Assessor da CLDF, Hermano Carvalho é dono do Bar
Boteco com capital social de R$ 120 milhões entre outras empresas
Com o nome incluído nas delações premiadas
sobre o esquema de pagamento de propina a políticos pela empreiteira Odebrecht,
o engenheiro Hermano Gonçalves de Souza Carvalho e seus familiares são donos de
um patrimônio milionário no Distrito Federal. Ele é proprietário, dentre
outras empresas, de um bar e um restaurante, ambos famosos no circuito
gastronômico de Brasília. Apenas um dos comércios tem o capital social estimado
em R$ 120 milhões. Hoje, Hermano é comissionado da liderança do governo, na
Câmara Legislativa do Distrito Federal. Recebe mais de R$ 10 mil/mês no
Legislativo brasiliense.
De acordo
com depoimentos de ex-executivos da Odebrecht, ele teria atuado como
intermediário, designado tanto pelo ex-governador Agnelo Queiroz (PT) quanto
pelo ex-vice-governador Tadeu Filippelli (PMDB), para tratar do apoio
financeiro da empreiteira à campanha de reeleição da dupla em 2014.
A relação
dele com os ex-mandatários do Buriti se fortaleceu no Governo do Distrito
Federal. Filippelli e Agnelo contaram com Hermano à frente da Secretaria
de Estado de Desenvolvimento Econômico, de setembro de 2013 até o fim da gestão
petista, em 2014. Antes, ele atuava como secretário-adjunto da pasta. Também
teve passagens pelo governo federal (ministérios do Esporte e do Turismo).

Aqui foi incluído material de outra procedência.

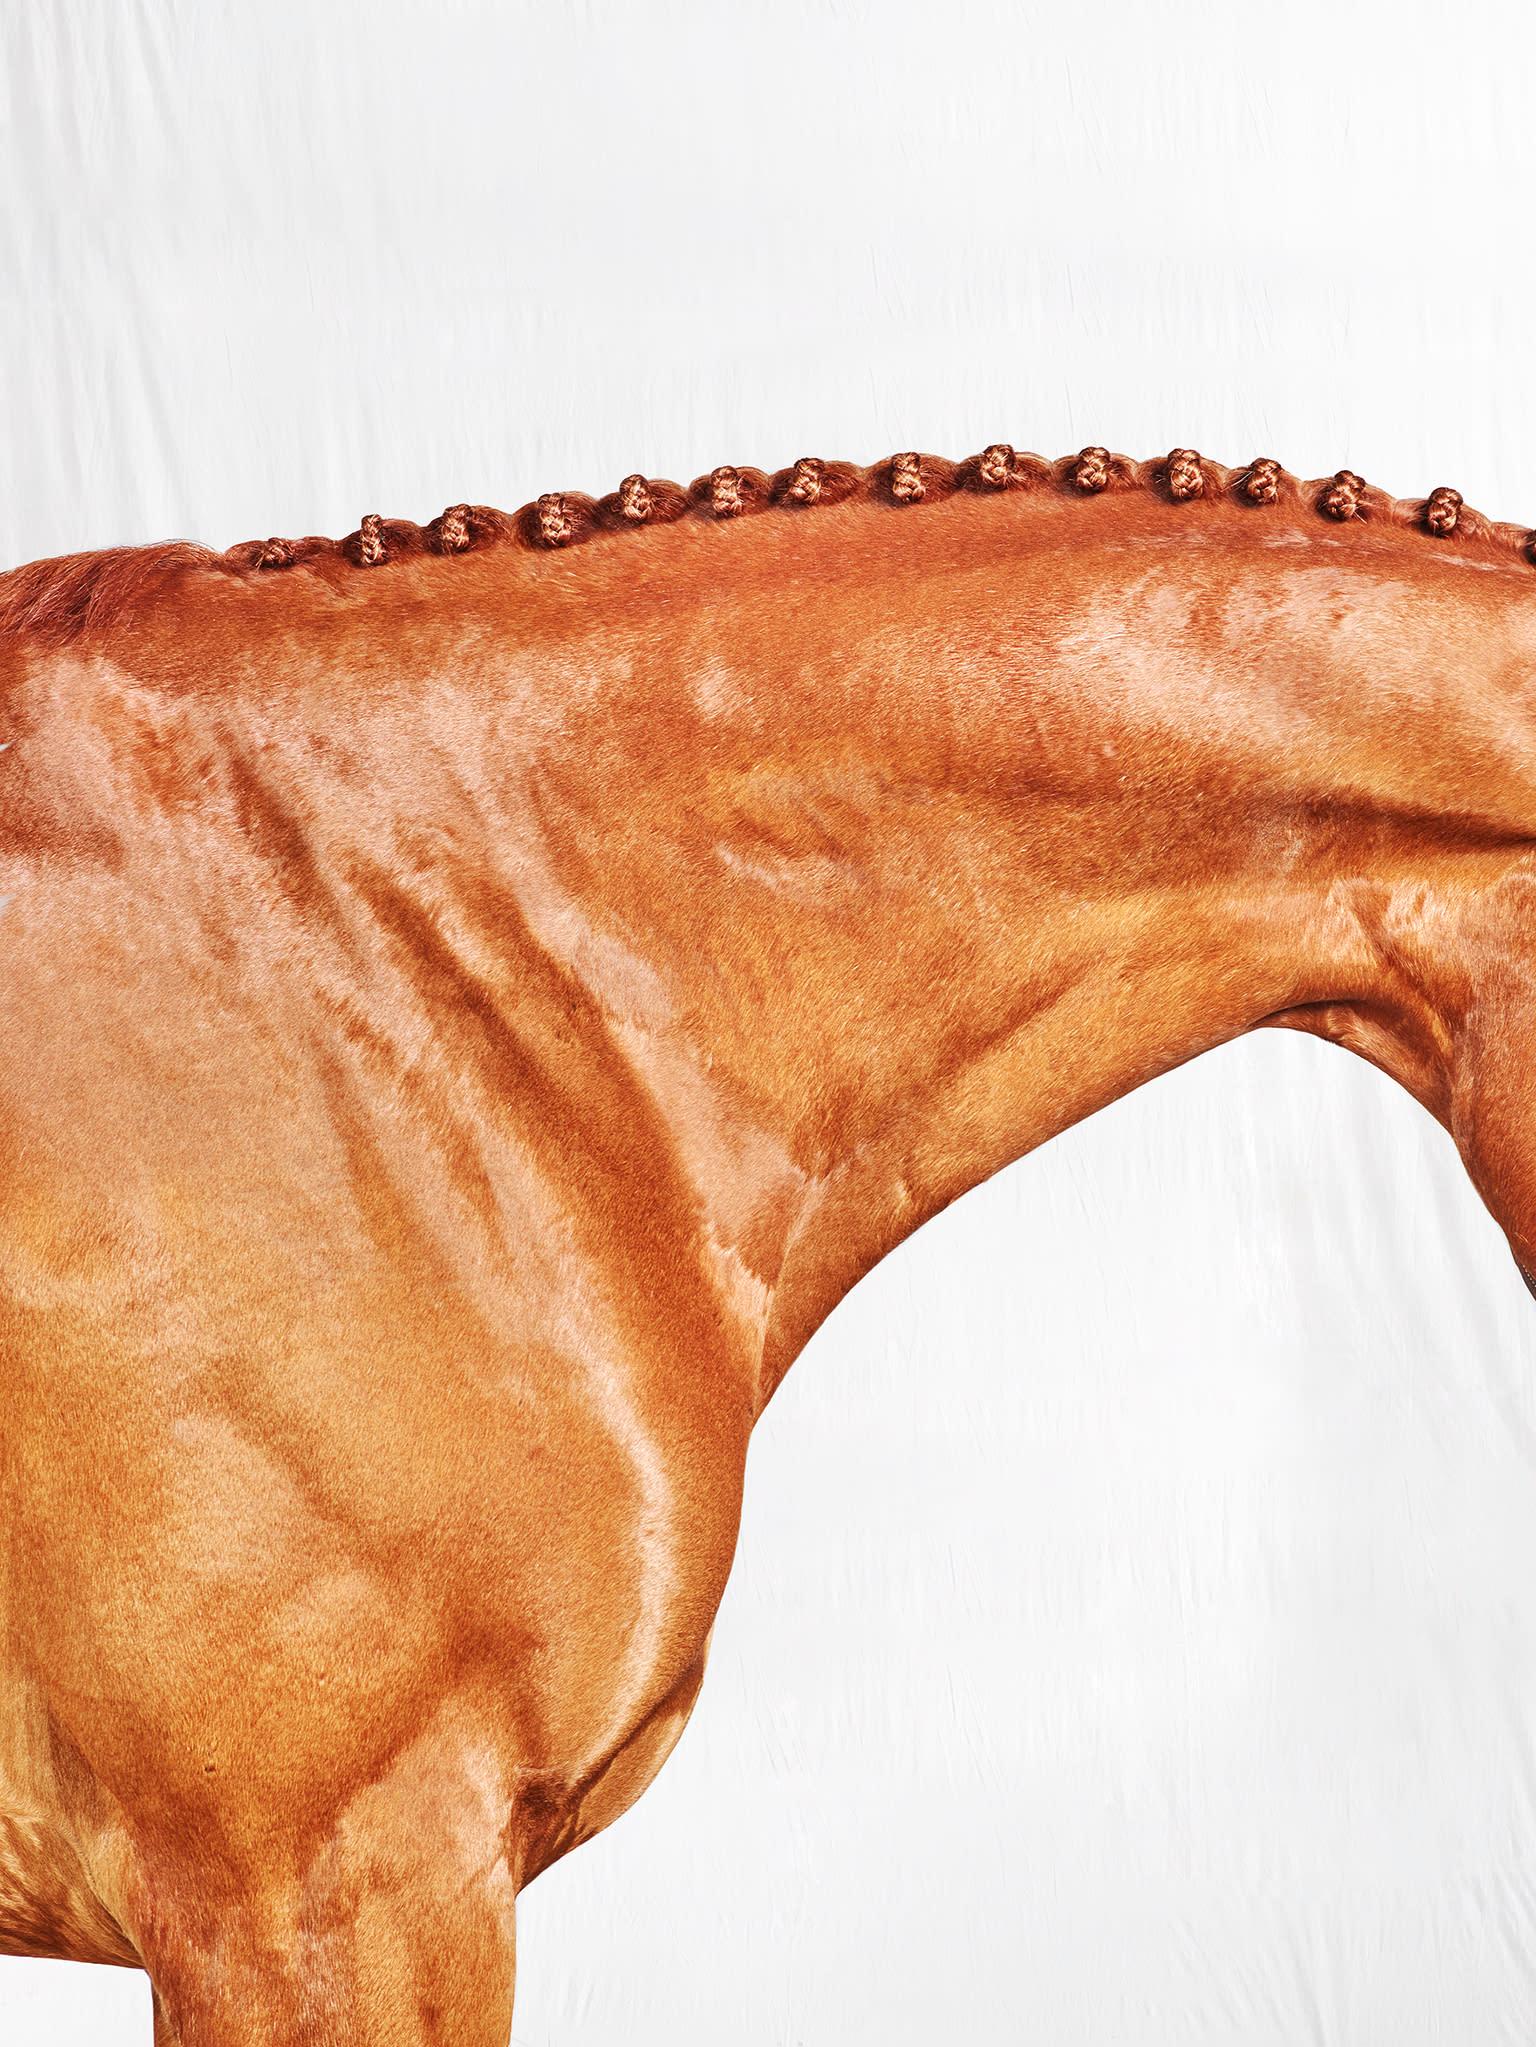 Romy Neck - Vollfarbiges Pferdeporträt in limitierter Auflage 2017 – Photograph von Juan Lamarca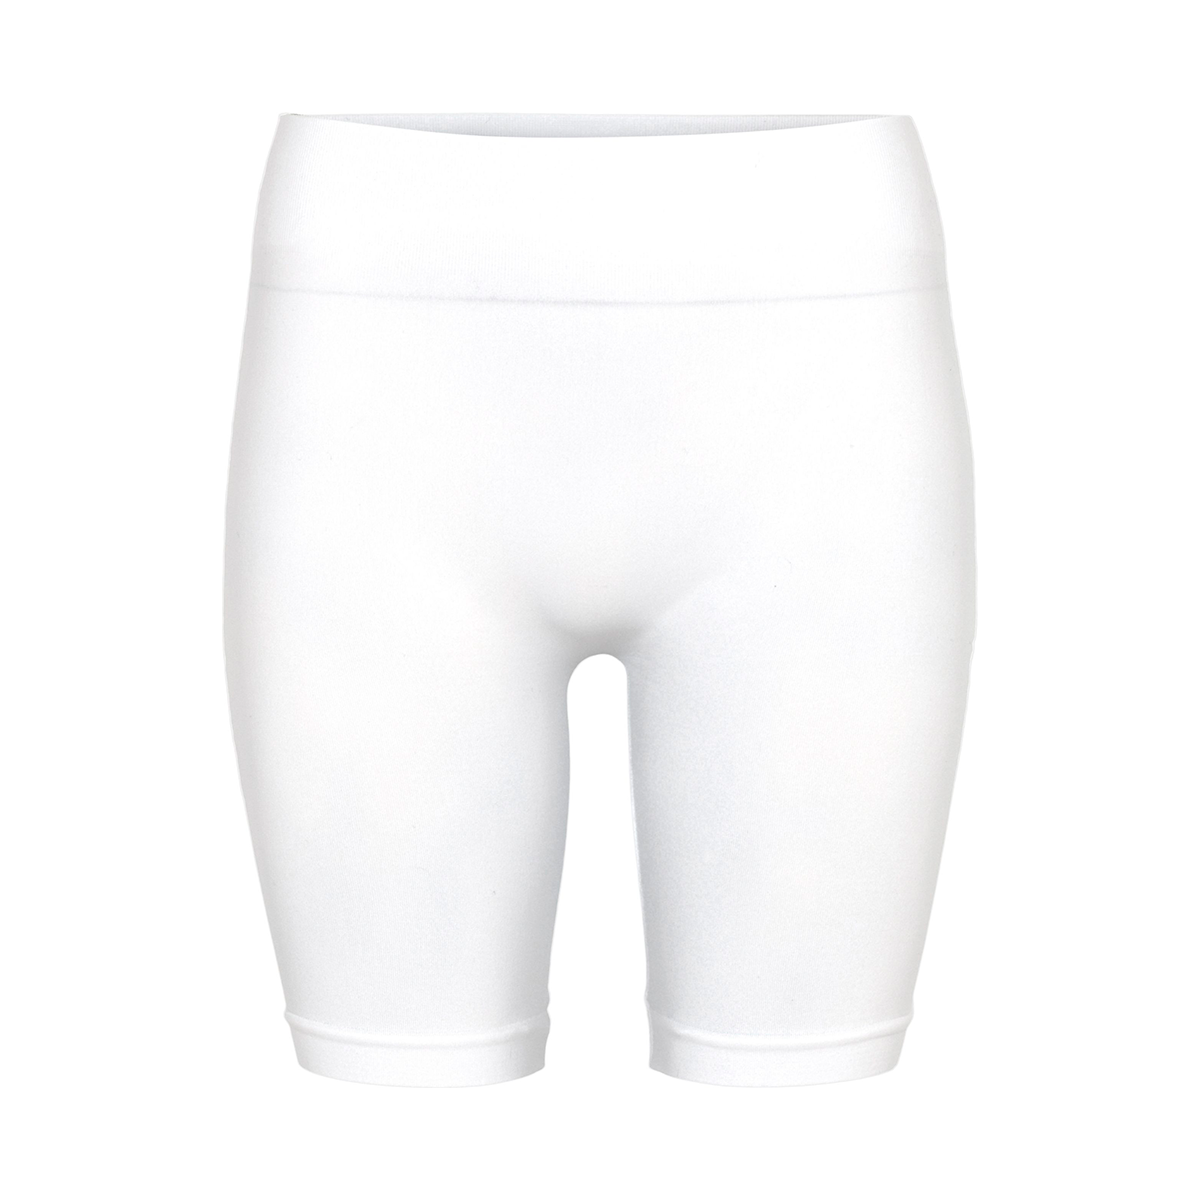 7: Decoy Seamless Shorts, Farve: Hvid, Størrelse: S/M, Dame

Apesar de ser engenheiro e
ex-secretário de Estado, Hermano Carvalho também se destaca em Brasília
por comandar o bem-sucedido bar Boteco, localizado na quadra 406
Sul. Elogiado por críticos gastronômicos como um dos estabelecimentos
brasilienses com alguns dos melhores petiscos inspirados na culinária
nordestina, o bar chama a atenção pelo capital social milionário: R$
120.000.000,00 (cento e vinte milhões de reais).
Esse é o único
empreendimento no ramo alimentício relacionado diretamente a seu nome:
Hermano ainda tem a titularidade de outros dois negócios, voltados para a área
de engenharia, sua formação profissional. Mas o engenheiro colocou sua
mulher como sócia do restaurante japonês Kojima, que fica na mesma comercial
que o Boteco – poucos metros separam os dois negócios.
Para o ex-executivo
da Odebrecht João Pacífico, Hermano Carvalho foi fundamental à
construção do Centro Administrativo do Governo do Distrito Federal, o Centrad.
Obra polêmica, feita para deslocar o comando do Executivo local para
Taguatinga, e que até hoje não cumpriu sua função.
Em
troca da execução do projeto, erguido por meio de uma parceria entre a
empreiteira e a brasiliense Via Engenharia, a Odebrecht teria injetado
recursos não contabilizados nas campanhas de Agnelo e Filippelli. O petista
teria recebido R$ 1 milhão (R$ 500 mil em 2014 e R$ 500 mil quatro anos antes)
e o peemedebista, R$ 2 milhões para o pleito de 2014. Outros R$ 15 milhões
teriam ido para os partidos de ambos investirem na última eleição
majoritária.
Em seu depoimento,
João Pacífico afirmou que Hermano Carvalho seria o intermediário dos candidatos
ao Buriti. Ele marcava encontros com representantes da empreiteira em cafés e
restaurantes da capital para receber o dinheiro da propina.
Hermano Carvalho
ocupa hoje um cargo CL-11, com remuneração de R$ 10.016,72, na liderança de
governo da Câmara Legislativa do Distrito Federal (CLDF). Ali, presta
assessoria para o deputado distrital Rodrigo Delmasso, responsável político
pela articulação entre o Executivo e o Legislativo.
Segundo o
parlamentar, os dois se conheceram ainda em 2004 no Congresso Nacional, onde
ambos faziam trabalho técnico. Após assumir a liderança do governo na CLDF, Delmasso
fez o convite para Hermano Carvalho para que compusesse a equipe de trabalho,
que defende os interesses do governador Rodrigo Rollmberg (PSB) na Casa.
De acordo com o
deputado, Hermano e ele ainda não conversaram sobre a citação do nome do agora
assessor por delatores da Odebrecht. O encontro para tratar do assunto deve
ocorrer nesta segunda-feira (17/4).
Na
sexta-feira, sobre sua citação por delatores como intermediário de
propinas entre a Odebrecht e políticos locais, ele afirmou: “Nunca
tratei do recebimento de recursos irregulares”.